Businesses of tomorrow are the ones that can successfully transition from “things and people” to “technology and networks”.

This is evident in the recent proliferation of the adjective ‘Digital’ in most C-suite titles and businesses either being ‘born-in-the-cloud’ or traditional businesses undergoing some form of digital transformation.

However, there is no consensus as what ‘going digital’ actually means. To some executives, it is the deployment of technology in their current business – also called business process optimisation (BPM). To others it is about a whole new way of engaging with customers, also called the digital customer experience.

Then for others it’s about an entire new way of conducting business – the exponential digital business mindset. One would presume that the various definitions depend on the individual business circumstances including competition, cost pressures, customer expectations, industry disruptions and regulations.

FIRtech CEO Ugan Maistry says whilst none of these definitions are incorrect, every digital transformation journey needs to be guided by strategy, a business model that supports that strategy, enablers that are needed to execute the business model and the orchestration of enablers to reach one’s destination.

“If it’s so easy, then why are they failing? In defining the digital business strategy, most executives are taking a blue-sky thinking approach in redefining the purpose of the organisation. This might seem revolutionary and necessary at the time, but it could create an execution challenge for IT,” he explains.

Unrealistic expectations often create complexity in the planning and execution phases. The project becomes inundated with technology imperatives: cloud, artificial intelligence, big data and IoT, without due consideration of where and how each of these imperatives will add direct financial benefit, value differentiation or build brand equity.

Instead, the yardstick is the size of the data lake, the speed of data retrieval, data mobility and the reduction of the ICT opex budget. Before you know it, a few years have passed, hundreds of millions of rands spent and the failed project is attributed to poor organisational structures, inadequate organisational change management and a lack of executive support.

Maistry says perhaps it should be evolution and not revolution. “In the era of the knowledge worker, perhaps the quick wins should be around how we free up the business knowledge worker to be active participants and leaders in the digital transformation journey. After all, they are the ones with the knowledge of the organisational nuances.”

They spend their time manually manipulating a melange of structured and unstructured data as resident data jockeys, guiding and mending the business processes with short term fixes and inadvertently creating a precedence of what they regard as acceptable practice, acceptable turnaround times and acceptable service levels.

Is this intentional ? Definitely not. The sheer volumes of repetitive manual tasks leave the guru with little time to stop, think and act. It is very possible that the business process has not been electronically orchestrated due to the nature of the process e.g. multiple decision point inputs or it is cost prohibitive to use some sort of middleware or BPM tool to integrate the process.

Notwithstanding, any brownfields digital transformation initiative is going to be dependent on having optimised business processes, preferably digitised. This will surely remove all friction in the system, ensuring that customers and suppliers can engage with the enterprise in an efficient, timely and cost-effective manner.
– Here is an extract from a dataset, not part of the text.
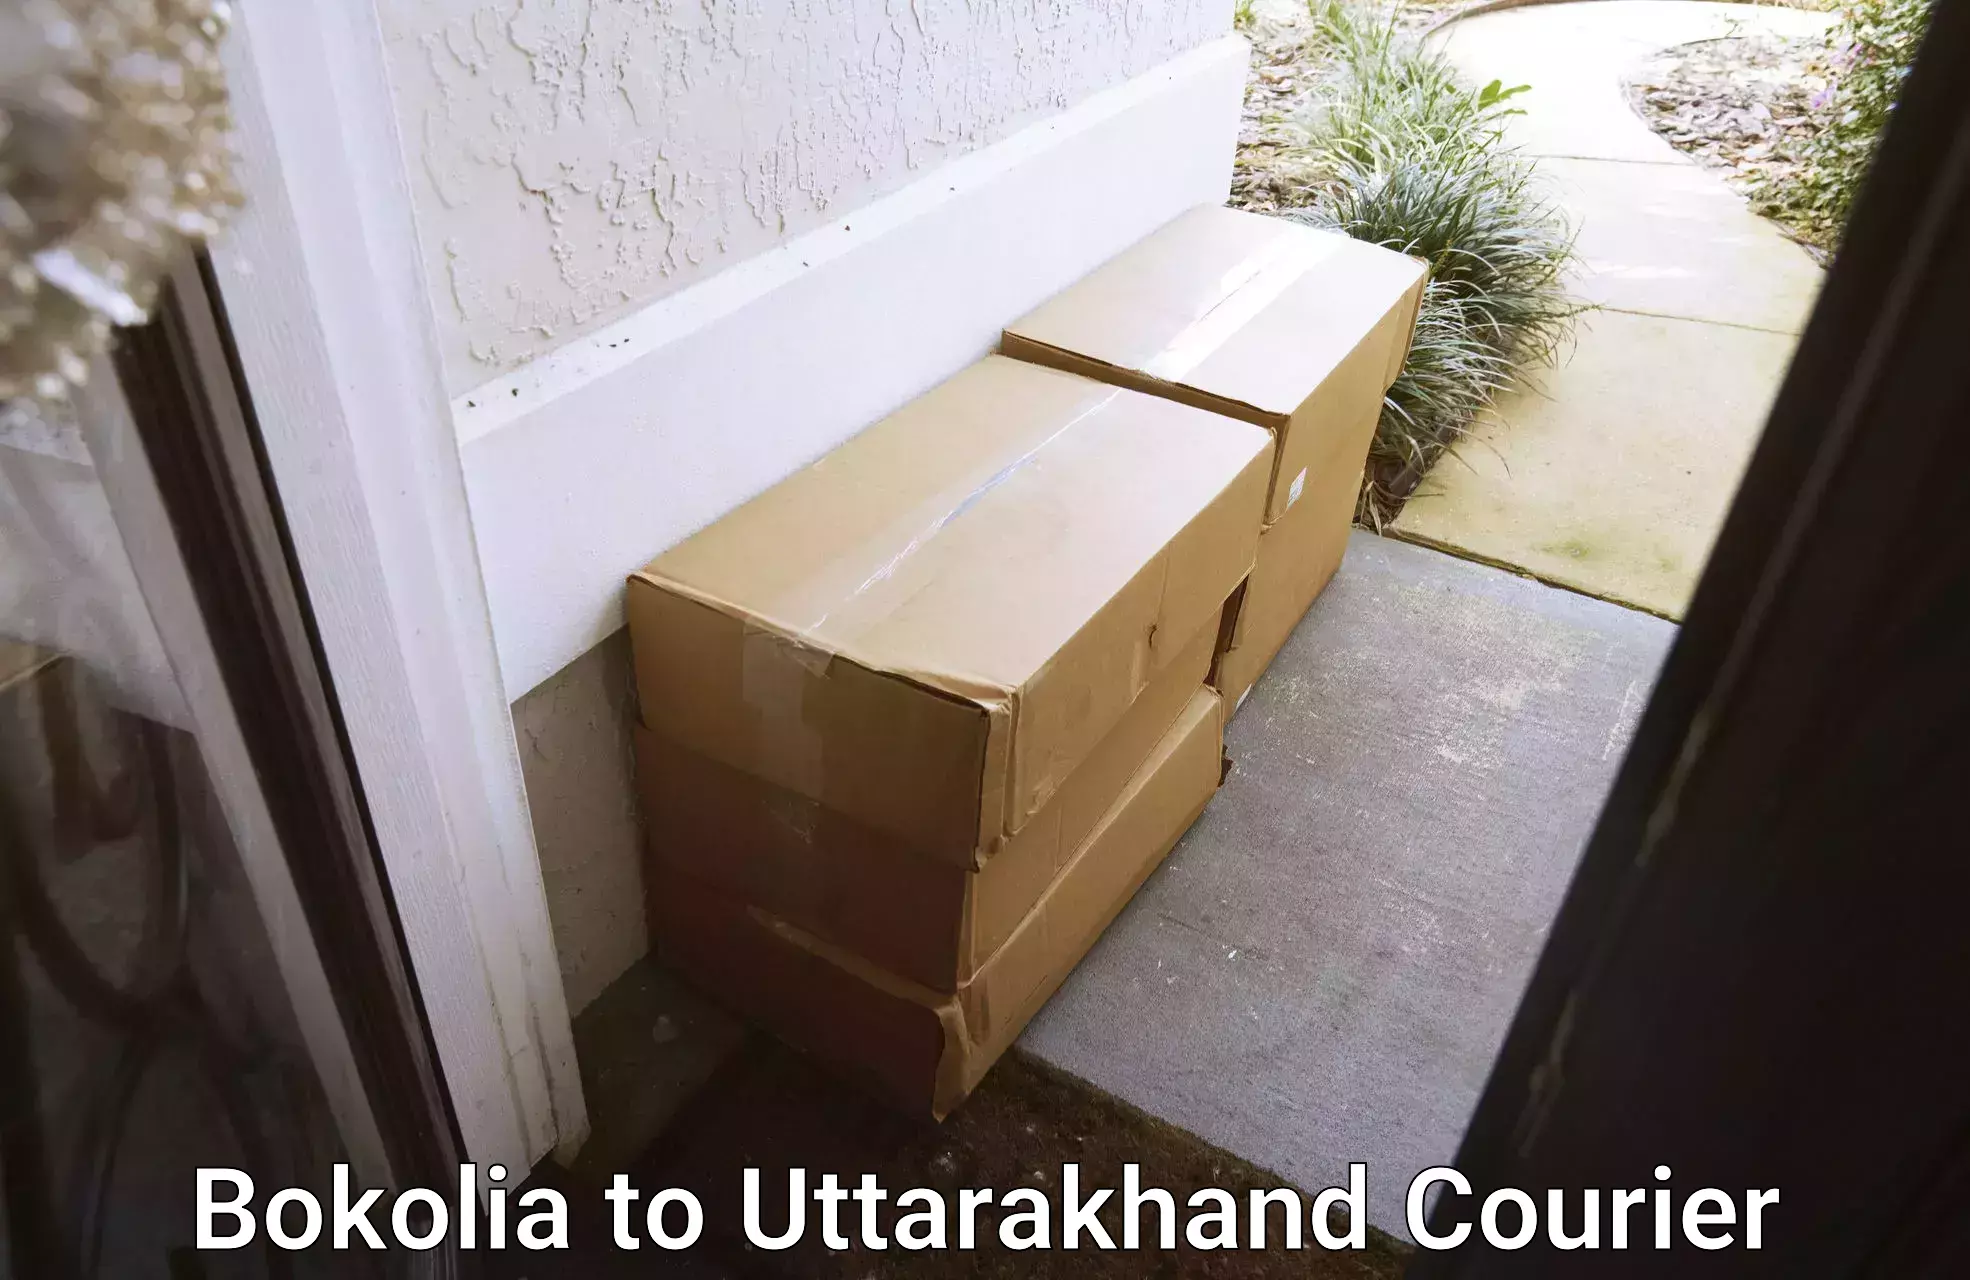 International parcel service Bokolia to Uttarakhand

He says Robotic Process Automation is the answer. “RPA tools offer potential ways to automate repetitive, manual, rules-based tasks. Whilst RPA is not the answer to all automation conundrums within the enterprise, it does offer a compelling alternative to traditional BPM tools.”

Instead of months-to-years to automate business processes within the enterprise, RPA can achieve similar results within weeks-to-months. The earliest versions of RPA technologies were primarily anchored in screen scraping technology – which allowed a software ‘robot’ to mimic user interactions.

However, RPA technology has evolved significantly since then. Today, RPA vendor UiPath, offers a host of out the box user interface interaction, integration and descriptor technologies that can be configured to mimic business processes in an attended (user monitored, controlled and interfaced) or unattended ‘lights-out’ mode. This allows one to create a team of virtual workers that operate 24/7, executing error-free, repeatable business processes.

Apart from the use case of reducing manual interventions in repeatable business processes, one can use the technology to reduce headcount in batch driven data input and output processes.

“One could also link to legacy or external systems in a non-intrusive manner that would otherwise be too cost prohibitive to integrate into one’s internal business process or avoid major systems re-engineering for the purpose of integrating or automating part of a business process,” he concludes.

If there is a requirement to have a speedy, cost effective, error-free, repeatable automation of business processes, then RPA should be a consideration. More so, if there is a requirement to transition knowledge workers for the mundane and routine tasks of mollycoddling business processes to become an integral part of the digital transformation journey, then it is best that one addresses their barriers to participation before embarking on a transformation journey. So perhaps evolution may be a more measured response after all.